As the Party of Orwell’s dystopian nightmare ruthlessly prunes vocabulary from the English language, they restrict the scope for expression. As fewer words are available to signify experiences and thoughts, nuance is lost, and human interaction becomes increasingly simplified and vague. Eventually, even the ability to think about complex ideas is lost. That’s totalitarian control. In contrast, the creation of language and the greater variety of words, all with subtle and gradated differences in their meanings, affords the speaker, writer or thinker greater precision of expression, and therefore greater clarity and concision.
“A picture doesn’t paint a thousand words, because it lacks the precision of a thousand words.”

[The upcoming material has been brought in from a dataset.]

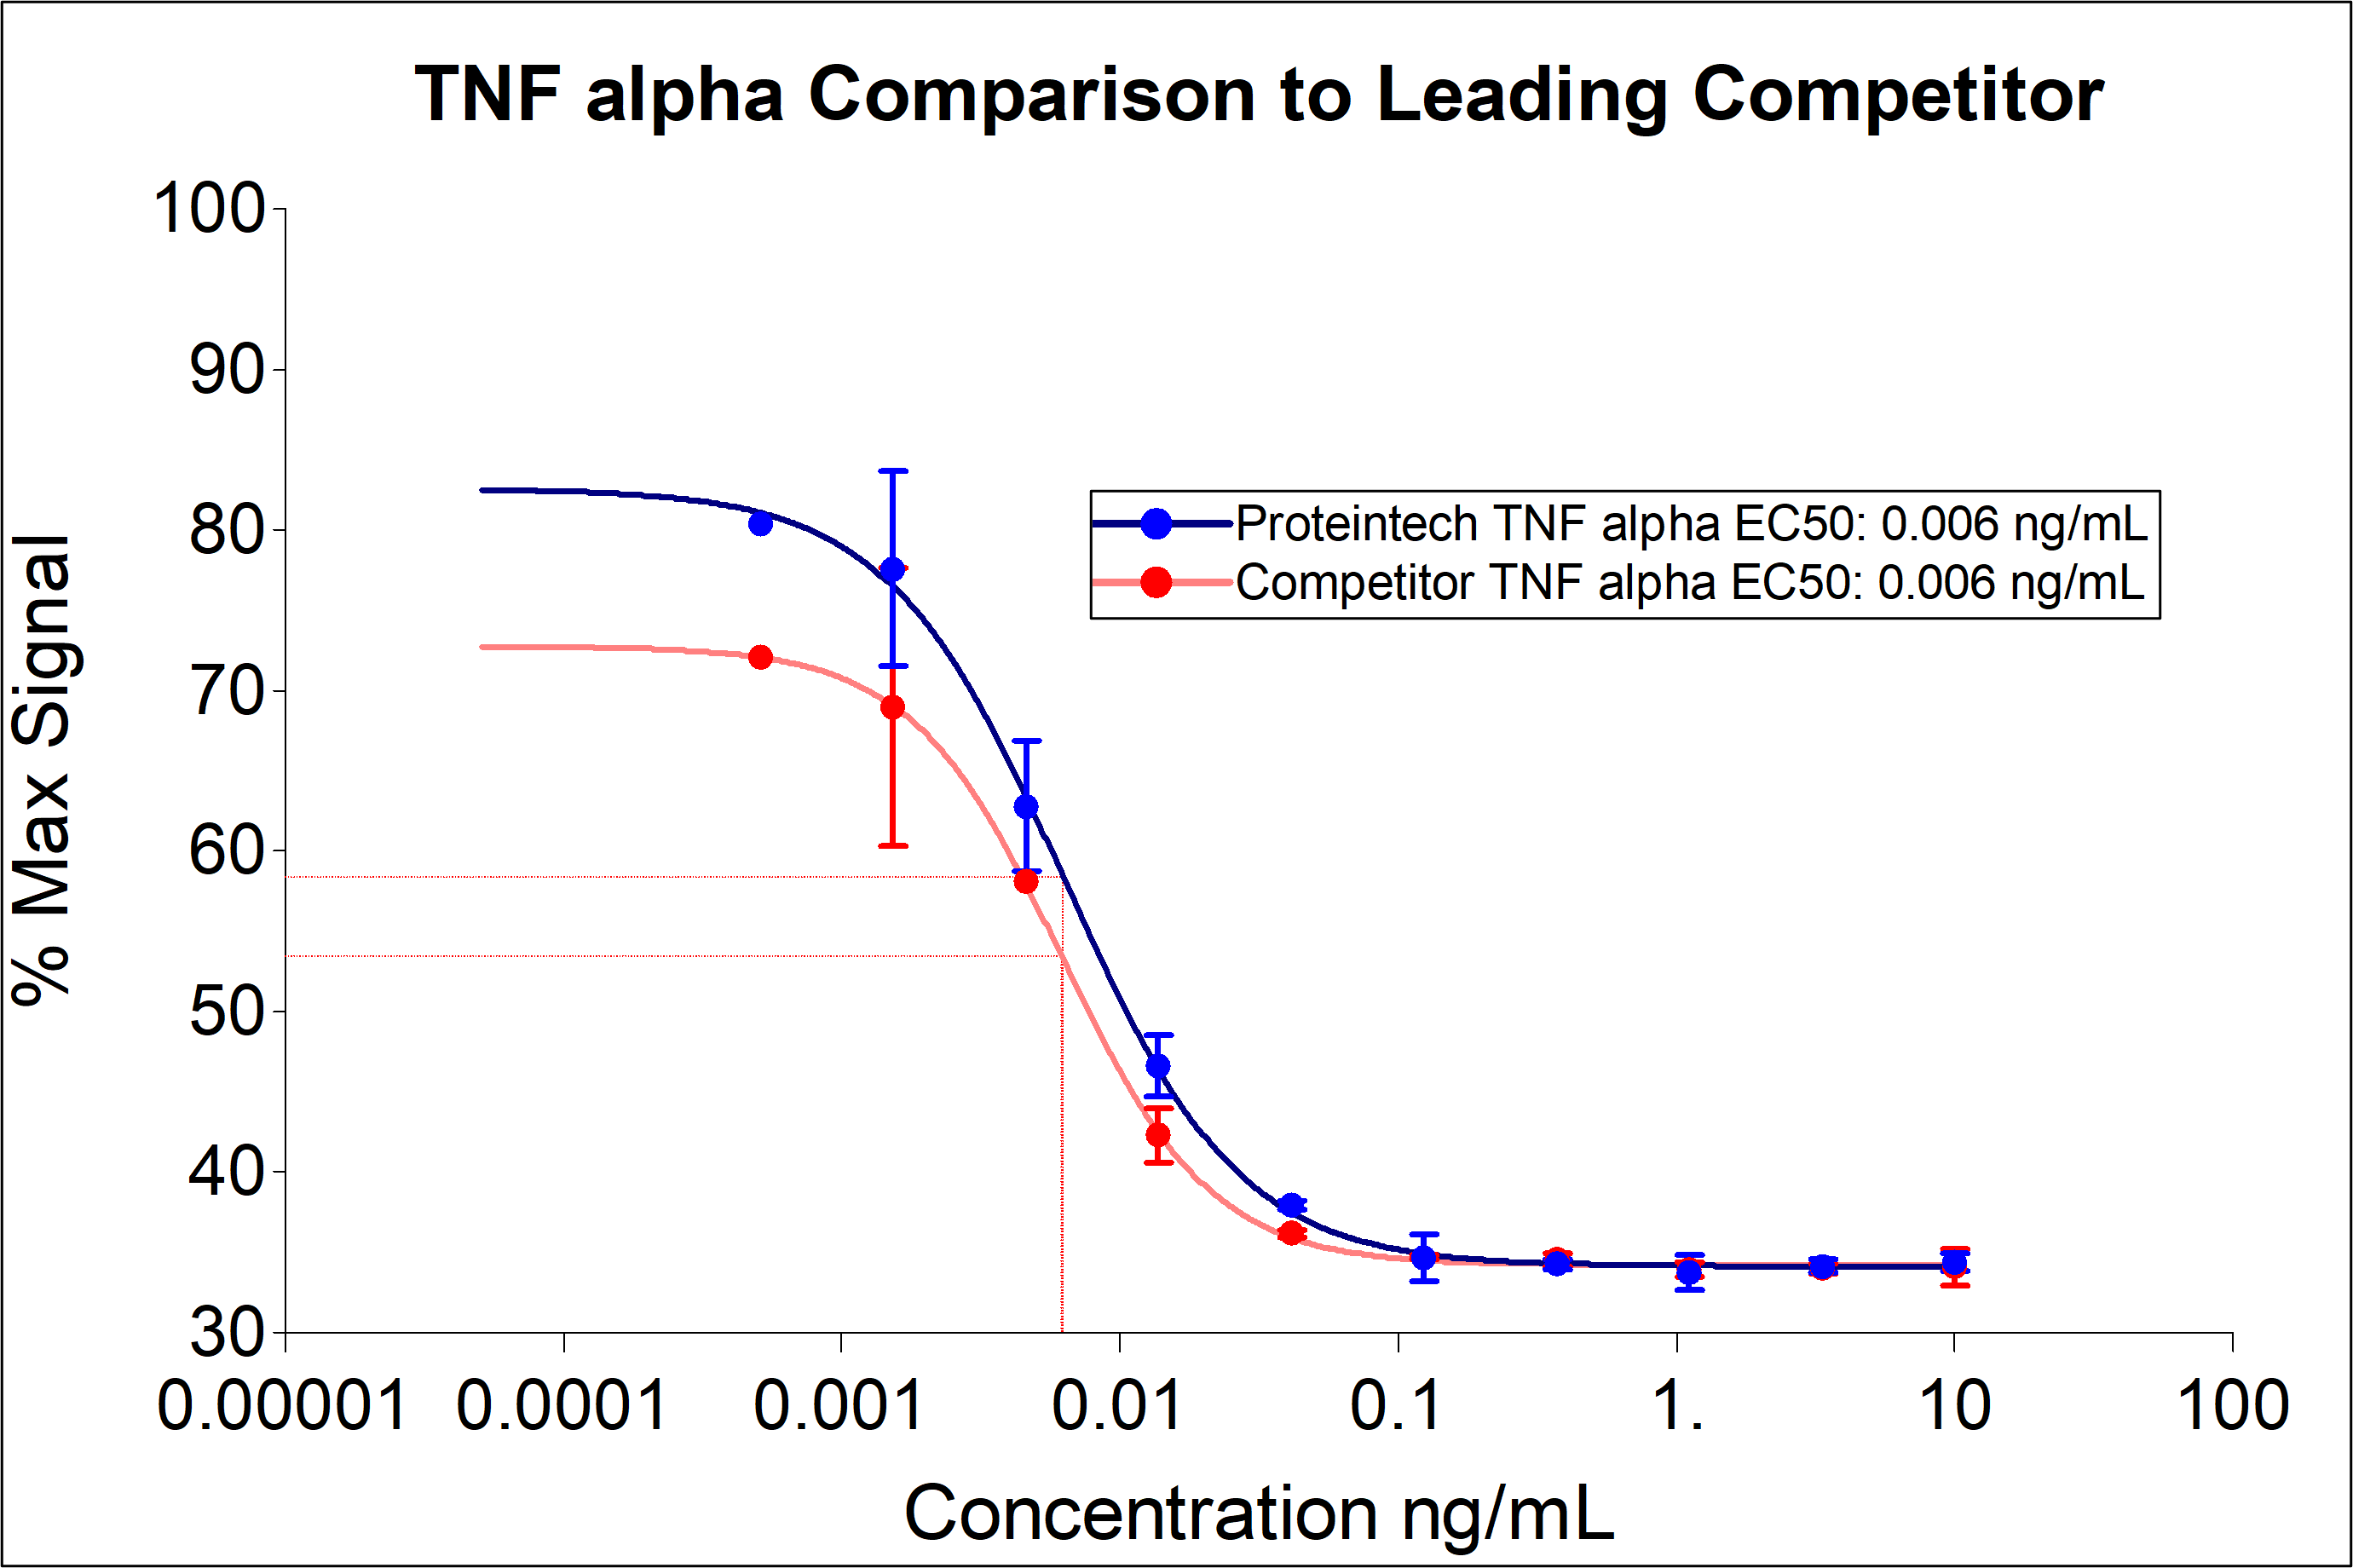 Proteintech TNF alpha demonstrates equivalent induction cytotoxicity and EC50 to leading competitors. TNF alpha (HZ-1014) demonstrates does-dependent cytotoxicity in the L929 mouse adipose cell line. Cell number was quantitatively assessed by PrestoBlue® cell viability reagent. L929 cells were treated with increasing concentrations of GMP recombinant TNF alpha for 72 hours in the presence of actinomycin D. The EC50 was determined using a 4-parameter non-linear regression model. The EC50 range is 0.002-0.026 ng/mL.


A picture doesn’t paint a thousand words, because it lacks the precision of a thousand words. It certainly might hold a thousand brush strokes or a thousand lines. It might even take a thousand words to accurately describe what is depicted in the image, but that’s not really the point. In works of art, the meaning is understood to be subjective. Like the inkblots in the psychologist’s Rorschach test, the work of art catalyses an individual and highly personal response. The viewer brings all their past experiences to the painting, photograph or sculpture, and they view the work of art through the lens of their own unique human experience. Therefore, the work of art does not have a fixed meaning. It is not a simple signifier – it is something more beautiful and complex than that. An abstract sculpture has as many interpretations as it does viewers, and every one of those interpretations is entirely valid. Some people want us to view words in the same way. English teachers do this a lot, and with good reason. It is certainly possible to interpret individual works of poetry, for example, in diverse ways. My colleagues and I have rather different ideas about what is going on in Browning’s ‘Porphyria’s Lover’. The ambiguity and polysemy of that dramatic monologue is part of the beauty and complexity of English literature. However, beauty, ambiguity and complexity are of limited use when you are seeking clarity of communication – and that is certainly something we need as educators. A wider variety of words, all charged with the power of their own fixed and socially agreed upon definitions, are the basis for effective and nuanced communication.
Art is beautiful and it communicates sublime meaning beyond words, but that meaning is not the same as the carefully delineated meaning of a thousand words.